Vanadium is notorious for its volatile pricing and accounts for 35 to 45 per cent of VRFB installation costs. According to industry analyst Terry Perles, “vanadium production continues to lag demand. 90 per cent of the world’s vanadium supply is currently used for steel, and roughly 1 per cent used in energy storage – a sector set to grow exponentially in the coming years. Market participants hope that momentum in VRFB deployments will encourage increased vanadium production, helping to stabilise prices.”

The installed cost of VRFBs is likely to fall further again with continued innovation in the technology and its supply chains, breaking down cost barriers and expanding the range of potential economical uses.
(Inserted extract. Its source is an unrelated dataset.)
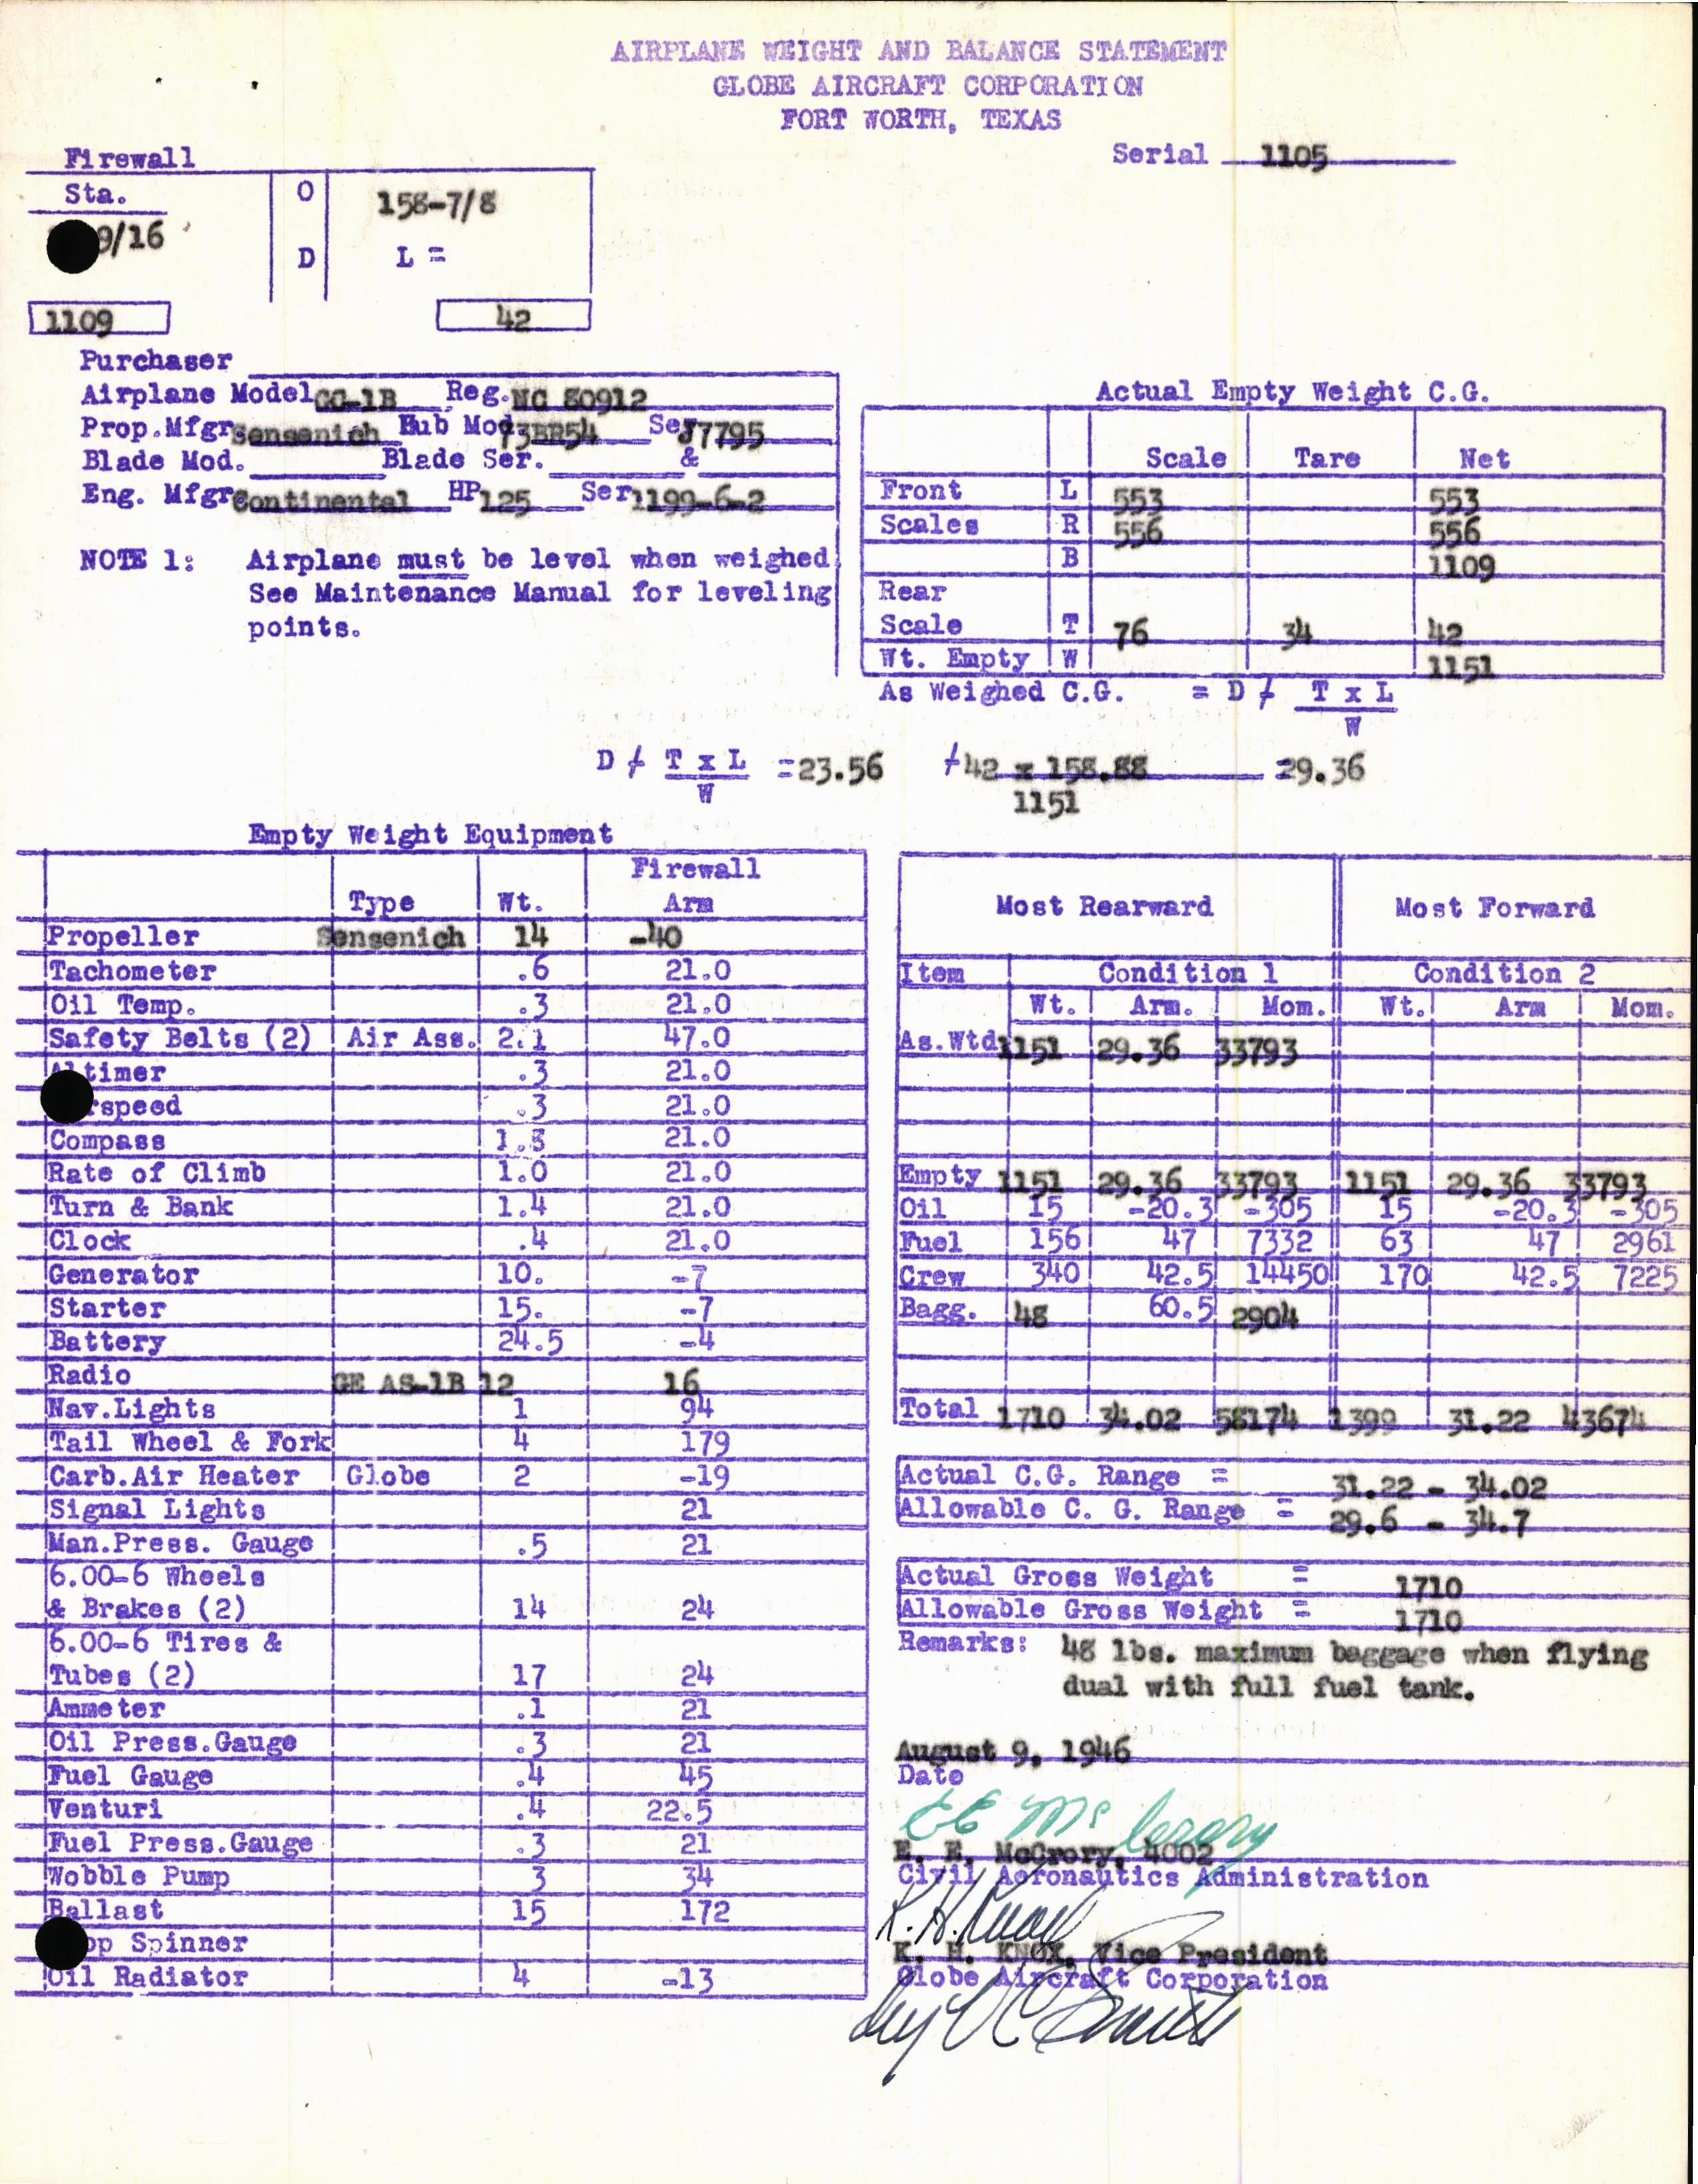 Sample page 5 from AirCorps Library document: Technical Information for Serial Number 1105

5 current uses for vanadium flow batteries

  • Peak load management: balancing supply with demand in peak periods when local utility grids are unable to provide enough power, ultimately replacing natural gas peaker plants
  • Grid services: frequency regulation and voltage stabilisation to ensure the quality and reliability of power for consumers, including the prevention of black outs.
  • Facilitation of renewable energy use: store energy generated from wind and solar PV farms for use at any time of the day, supporting grid peak loads.
  • Back-up power supply: provide an alternative energy supply with black-start capabilities in the event of an emergency power outage.
  • Behind the meter services: support the integration of renewable energy sources in mini grids, which can operate “behind the meter” in places where power supply from the national transmission grid is irregular or does not reach. This will reduce the reliance on diesel-powered generators, which release harmful greenhouse gases and are subject to fluctuating oil prices.

Global vanadium flow battery deployments

Experts agree that largescale vanadium redox flow batteries will become increasingly cost-effective as demand grows and scale is achieved. There are several utility-scale VRFB batteries currently in development around the world.
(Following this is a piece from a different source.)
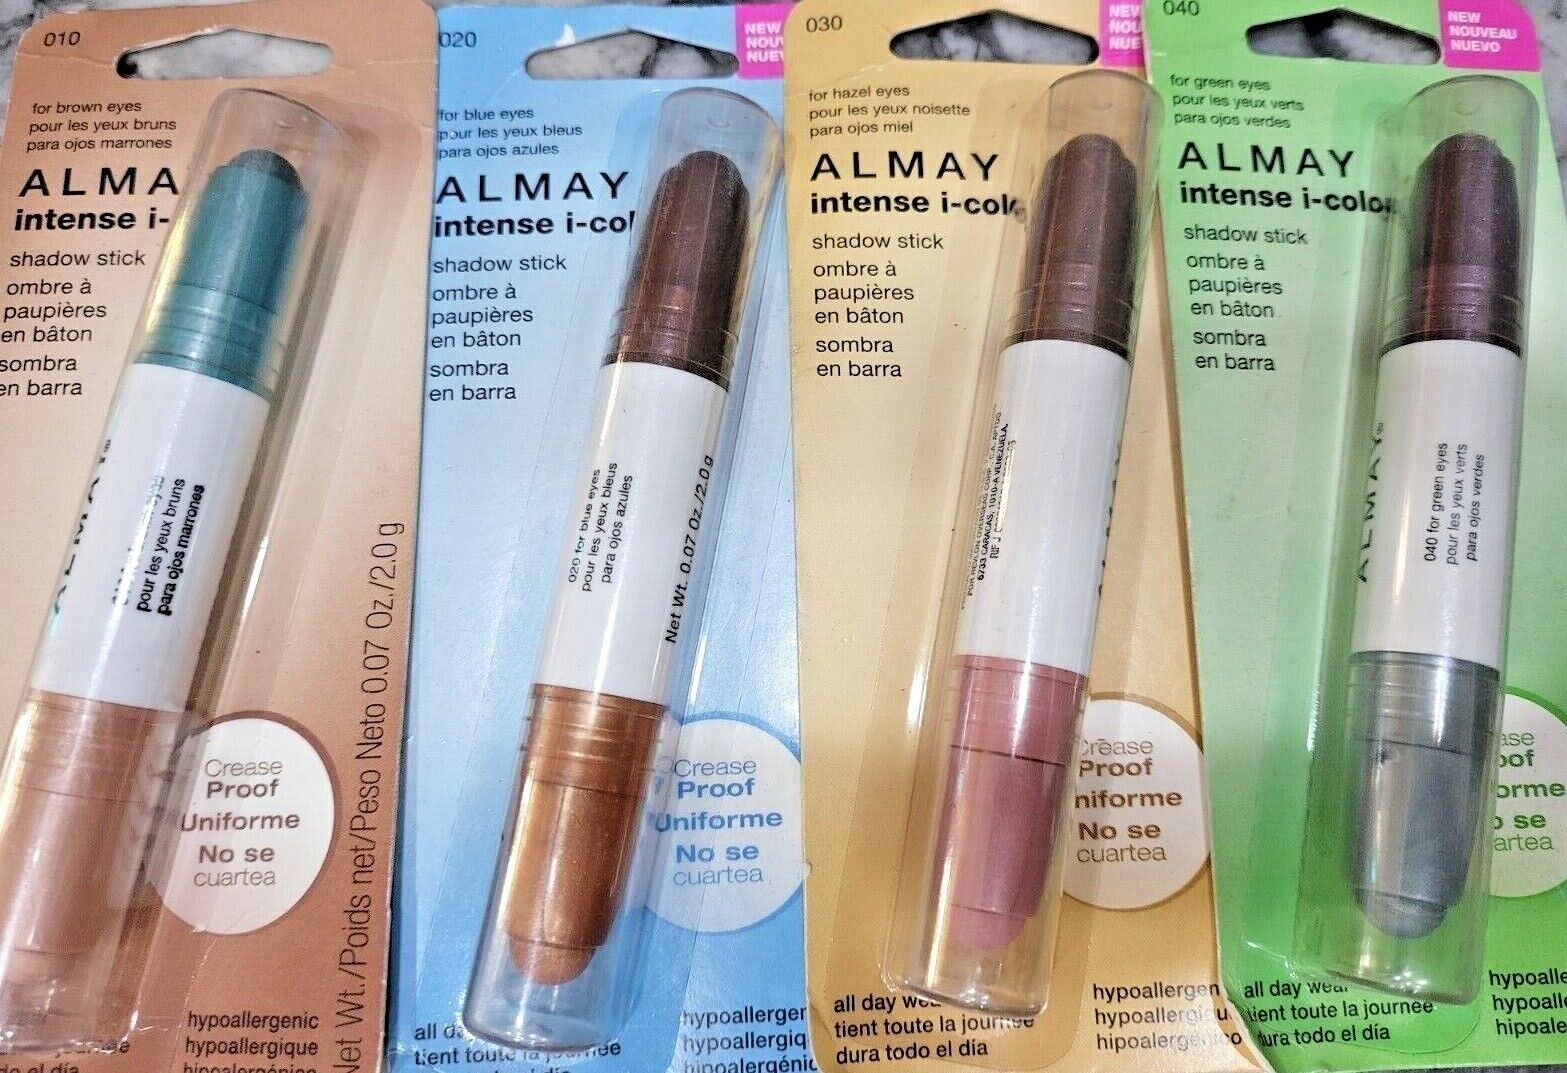 B1G1 AT 20% (Add 2) OFF Almay intense i-color Shadow Stick 010,020,030,040

15 MW/60 MWh VRFB by Sumitomo Electric Industries in Hokkaido, Japan. Source: Cenelest.org


The largest VRFB system is installed at Hokkaido Electric Power Co’s Minami-Hayakita power substation in Hokkaido, Japan with a capacity of 15 MW (60 MWh) (Figure 4). The system increased the power station’s capacity for wind and solar by roughly 40 MW.

200 MW/800 MWh VRFB by Rongke Power Industries in Dalian Province, China. Source: Electrek.co


China’s Rongke Power Industries will take over the title of the largest VRFB in the world when its 200 MW (800 MWh) project in Dalian, China is completed (Figure 5). The system will provide power during demand periods, increase grid stability, and provide backup power in the event of an emergency. The plant is expected to shave roughly 8 per cent of Dalian’s peak load.
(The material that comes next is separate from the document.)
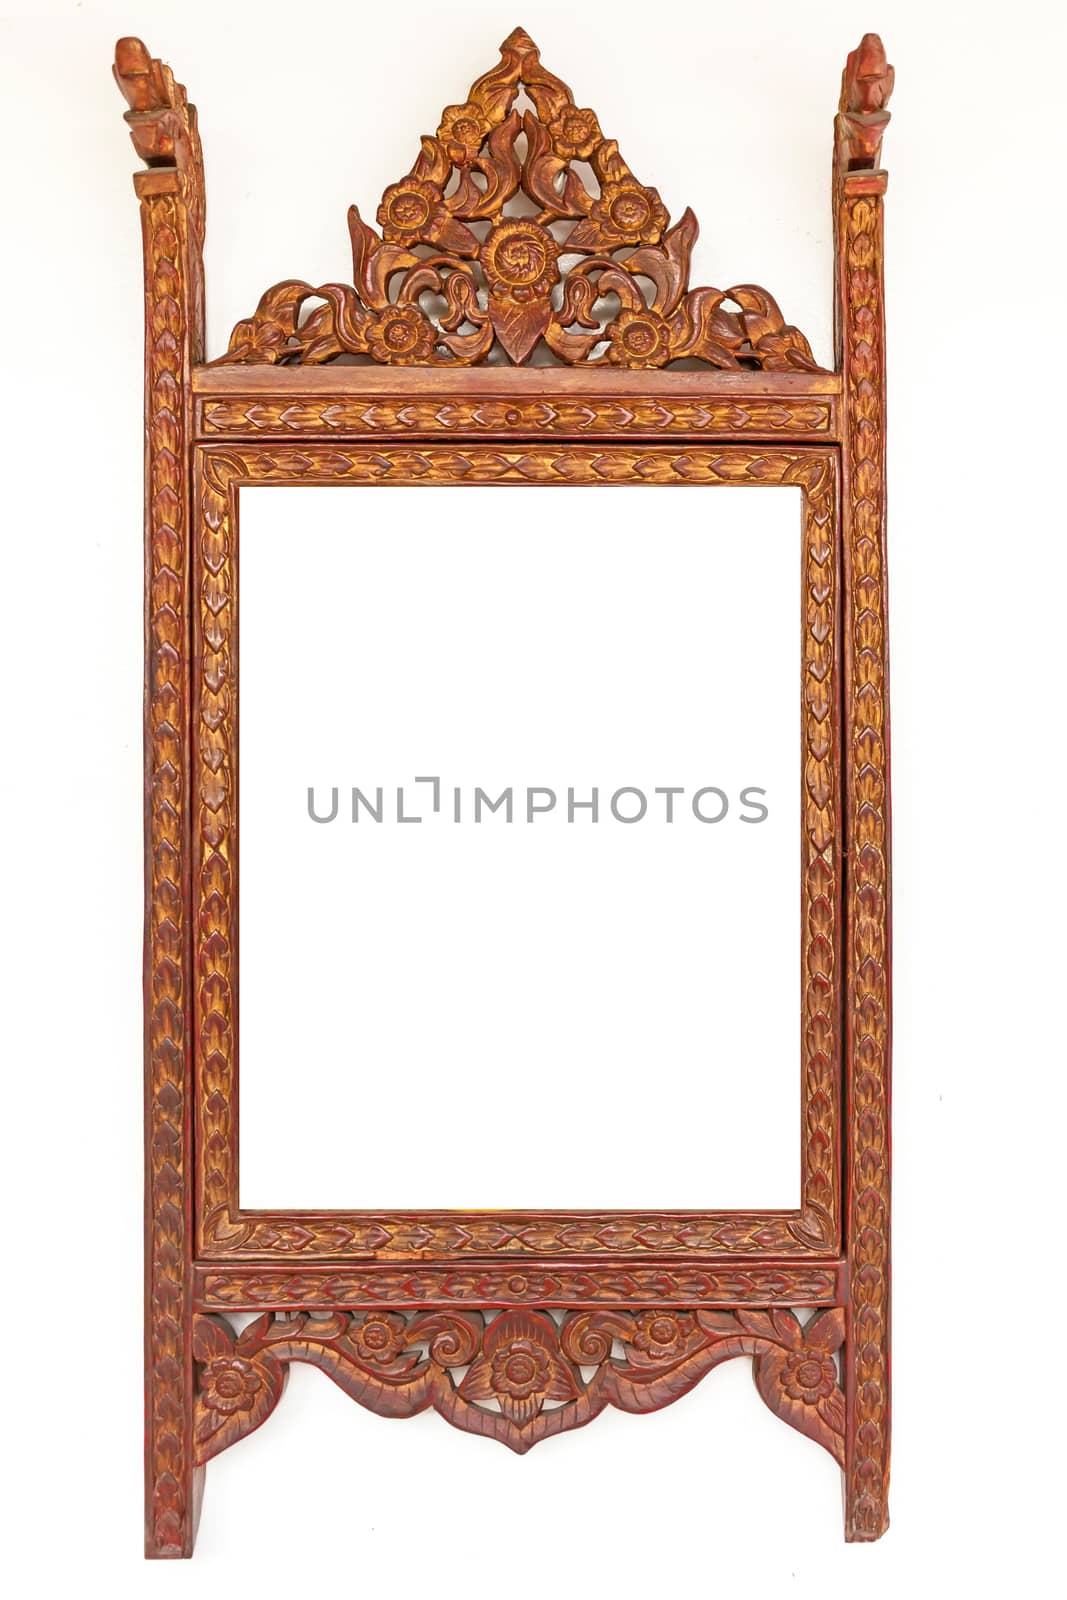 craft wood thai culture frame isolated on white .

Back home in Australia Yadlamalka Energy is developing a 2 MW (8 MWh) VRFB to support a 6 MW solar PV array near Hawker, South Australia (Figure 6).

The project will be the first VRFB in the world to operate as a direct producer of electricity into the grid, with the objective to shift solar generation from the middle of the day to the evening peak period, every day. The project received $5.7 million of funding from the Australian Renewable Energy Agency and has completed engineering groundwork.

6 Solar PV array and 2 MW/8 MWh VRFB by Invinity Energy Systems in Hawker, South Australia. Source: Invinity Energy Systems



Key conclusions

  • Lithium-ion batteries are ideal for mobile energy storage systems and applications and will continue to play an important role in slowing climate change. But in terms of stationary applications at grid scale, there is more than one solution.
  • Vanadium redox flow batteries are a safe and effective choice for longer duration storage over 4 hours where energy is discharged every day, whilst li-ion batteries are more suited to store up to 4 hours of energy 50 times per year.
  • VRFBs are cost-effective, recyclable and non-flammable, eliminating the risk of dangerous events like the Tesla lithium-ion battery fire in Victoria this year. As demand for renewable energy grows, demand for VRFBs will grow, lowering costs and facilitating a safe and effective path to net zero carbon emissions as we approach 2050.